Yes, but the result must ship under the GPL. MIT is a permissive license with almost no conditions, so its code can be relicensed into a GPL project. Once you link MIT-licensed code with GPL code to form a single program, the GPL's copyleft governs the combined work: you must release the whole thing under the GPL and provide source. You cannot pull the GPL parts back out and ship them as closed source.

### Is Apache 2.0 compatible with GPLv2?

No. The Free Software Foundation considers Apache 2.0 incompatible with GPLv2 because Apache's patent-termination and indemnification terms count as extra restrictions GPLv2 does not permit. Apache 2.0 is, however, one-way compatible with GPLv3, which was written to accept those terms. If you must combine Apache 2.0 code with GPL code, use a GPLv3 (or later) project to avoid the conflict.

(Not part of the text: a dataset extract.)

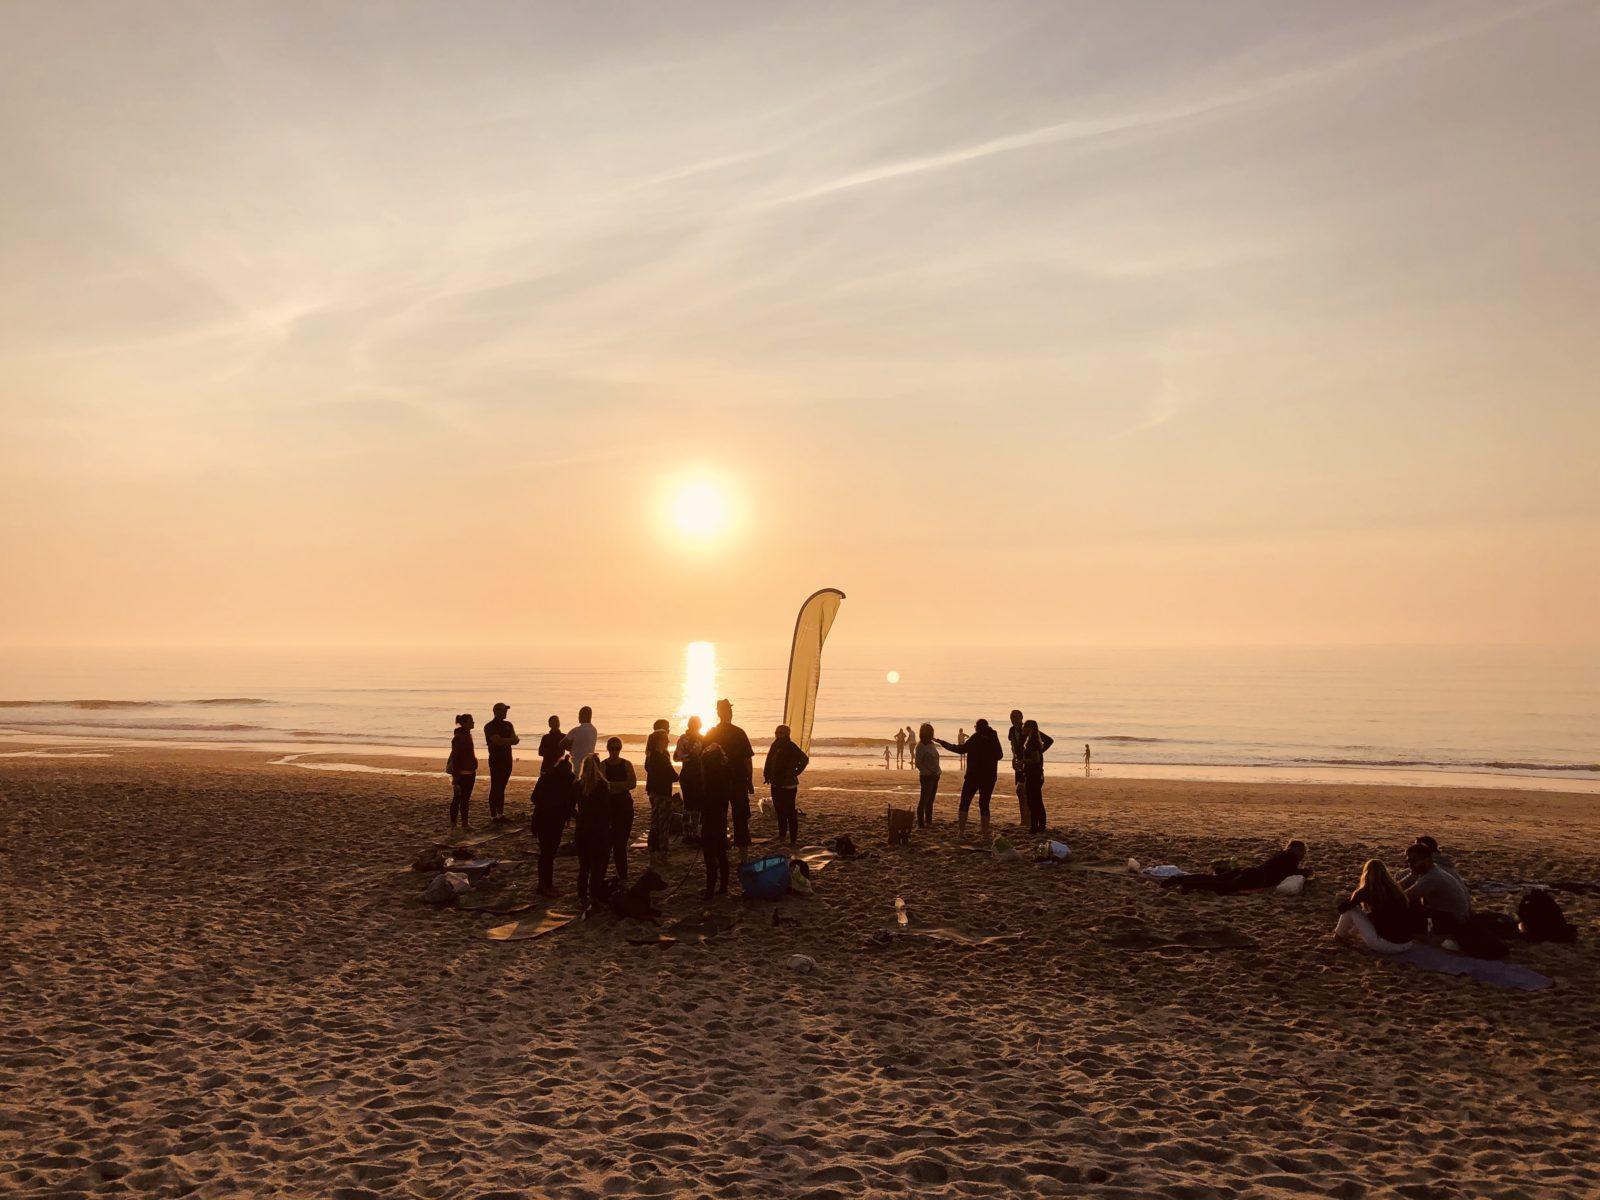 Sportreise Deutschland - Sonnenuntergang am roten Kliff auf Sylt

### What is the difference between permissive and copyleft licenses?

Permissive licenses (MIT, BSD, Apache 2.0) let you use, modify, and redistribute code — including in closed-source or commercial products — as long as you keep the copyright notice and license text. Copyleft licenses (GPL, LGPL, MPL, AGPL) add a reciprocity condition: if you distribute a modified or combined work, you must release that work's source under the same license. Copyleft keeps derivatives open; permissive licenses do not.